I much prefer an Optivisor. This is worn on your head, can fit over eyeglasses, and it doesn't get in your way. Also fogged lenses are not a problem with an Optivisor. There is an LED lighting accessory available, but I just use the strong lights over my workbench.

The attached file has more info on dealing with tiny parts.
I have not put detail parts on that locomotive, but I have scratchbuilt the train order station and the coal dump trestle in the photos. The actuation rods on the semaphore, and the railings on the trestle are made of .006 " wire, which is pretty dang small. Small enough that you may have to enlarge the photos to see the parts I mentioned. Click on the printed title under the photo. This turns your cursor into a plus sign. Then hold the plus sign/cursor over the area you want to enlarge and click your mouse again.

Traction Fan 🙂


----------



## Oomowmow (10 mo ago)

traction fan said:


> I had one of these lamp magnifiers and I don't recommend them.
> The thing is too bulky, and the lamp/magnifier seems to always be in the way. Also the lens fogged up every time I breathed anywhere near it. I ended up throwing it out years ago.
> 
> I much prefer an Optivisor. This is worn on your head, can fit over eyeglasses, and it doesn't get in your way. Also fogged lenses are not a problem with an Optivisor. There is an LED lighting accessory available, but I just use the strong lights over my workbench.
> ...


Great ideas for small detail work!


----------



## pmcgurin (Sep 7, 2010)

traction fan said:


> I had one of these lamp magnifiers and I don't recommend them.
> The thing is too bulky, and the lamp/magnifier seems to always be in the way. Also the lens fogged up every time I breathed anywhere near it. I ended up throwing it out years ago.
> 
> I much prefer an Optivisor. This is worn on your head, can fit over eyeglasses, and it doesn't get in your way. Also fogged lenses are not a problem with an Optivisor. There is an LED lighting accessory available, but I just use the strong lights over my workbench.
> ...


I agree that the floor model lighted magnifier has limitations, like mobility. I got it at an estate sale. The Optivisor sounds much better. The lighted magnifier is better than nothing, but depth perception through the glass can be a problem. I wish I had known that there are tools to help with installing Micro Trains items. I didn't see these things on the MTL site, and no hobby shop people seemed to know about them. Thanks for mentioning all this stuff. Your info on a workbench is valuable and thanks for taking the time.


----------



## traction fan (Oct 5, 2014)

pmcgurin said:


> I agree that the floor model lighted magnifier has limitations, like mobility. I got it at an estate sale. The Optivisor sounds much better. The lighted magnifier is better than nothing, but depth perception through the glass can be a problem. I wish I had known that there are tools to help with installing Micro Trains items. I didn't see these things on the MTL site, and no hobby shop people seemed to know about them. Thanks for mentioning all this stuff. Your info on a workbench is valuable and thanks for taking the time.

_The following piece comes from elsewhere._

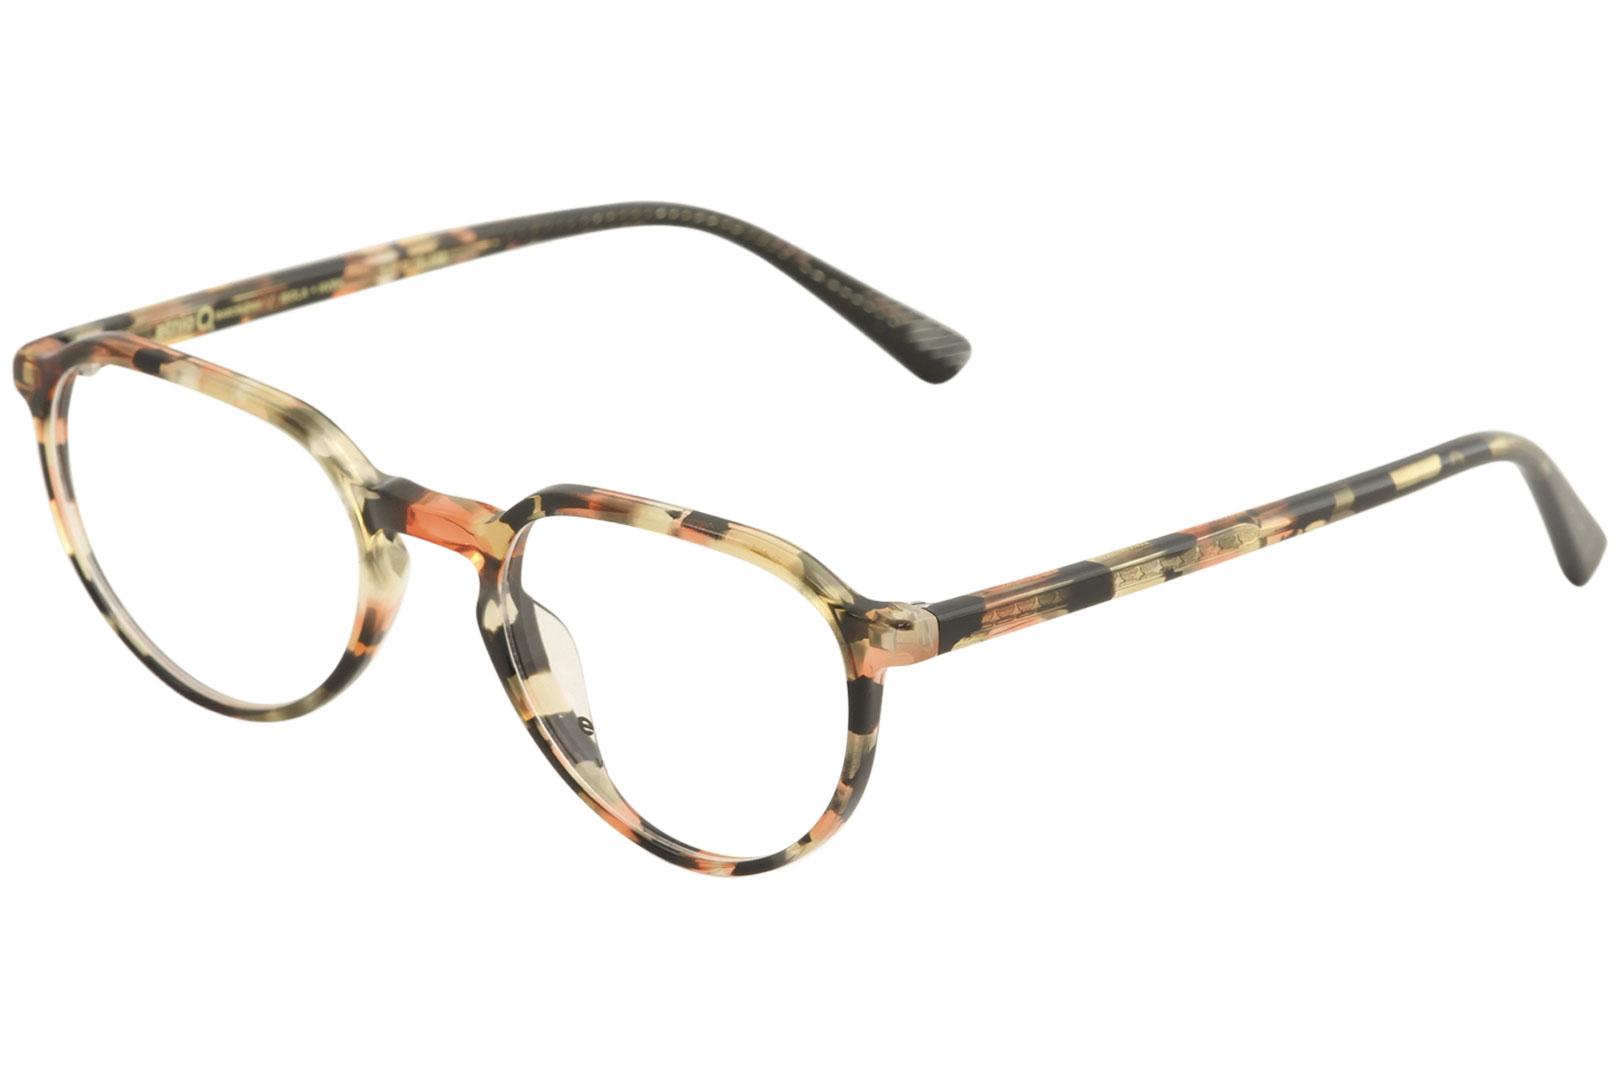 3944bd4a06 Details about Etnia Barcelona Women s Eyeglasses Isola HVBK Havana Black  Optical Frame 47mm

You're welcome! Here's photos of the Optivisor, my own workbench with attached parts catcher, (that has saved many a floor search) and some other handy items. Try calling Kadee on the phone. I've found them very helpful.

Traction Fan


----------



## pmcgurin (Sep 7, 2010)

Thanks for the info. If I had had one of those screw starters I could have assembled the MTL passenger trucks, so I will give them a call.


----------



## Oomowmow (10 mo ago)

Yeah, I really need to get some better tools. Most of what I've been using was stuff I already had lying around.


----------



## pmcgurin (Sep 7, 2010)

I ordered the Optivisor on ebay. Now we can use the big lighted magnifier for reading take out menus.


----------



## traction fan (Oct 5, 2014)

pmcgurin said:


> Thanks for the info. If I had had one of those screw starters I could have assembled the MTL passenger trucks, so I will give them a call.


 The screw starter is handy for many tasks. Its not a special tool from Micro-Trains, like the spring pick or coupler assembly jig though. I can understand using it to start those tiny plastic kingpins that hold the M-T trucks onto the cars.
Here's a good source for screw starters and other mini modeling tools. www.micromark.com 

Traction Fan


----------



## traction fan (Oct 5, 2014)

Oomowmow said:


> Yeah, I really need to get some better tools. Most of what I've been using was stuff I already had lying around.


Try this place. They carry a lot of nice modeler's tools. www.micromark.com 

Traction Fan


----------



## Oomowmow (10 mo ago)

traction fan said:


> Try this place. They carry a lot of nice modeler's tools. www.micromark.com
> 
> Traction Fan


Looks like a good place to start, thanks!


----------



## pmcgurin (Sep 7, 2010)

traction fan said:


> Try this place. They carry a lot of nice modeler's tools. www.micromark.com
> 
> Traction Fan


Thanks. I bookmarked the mini screw starter page.


----------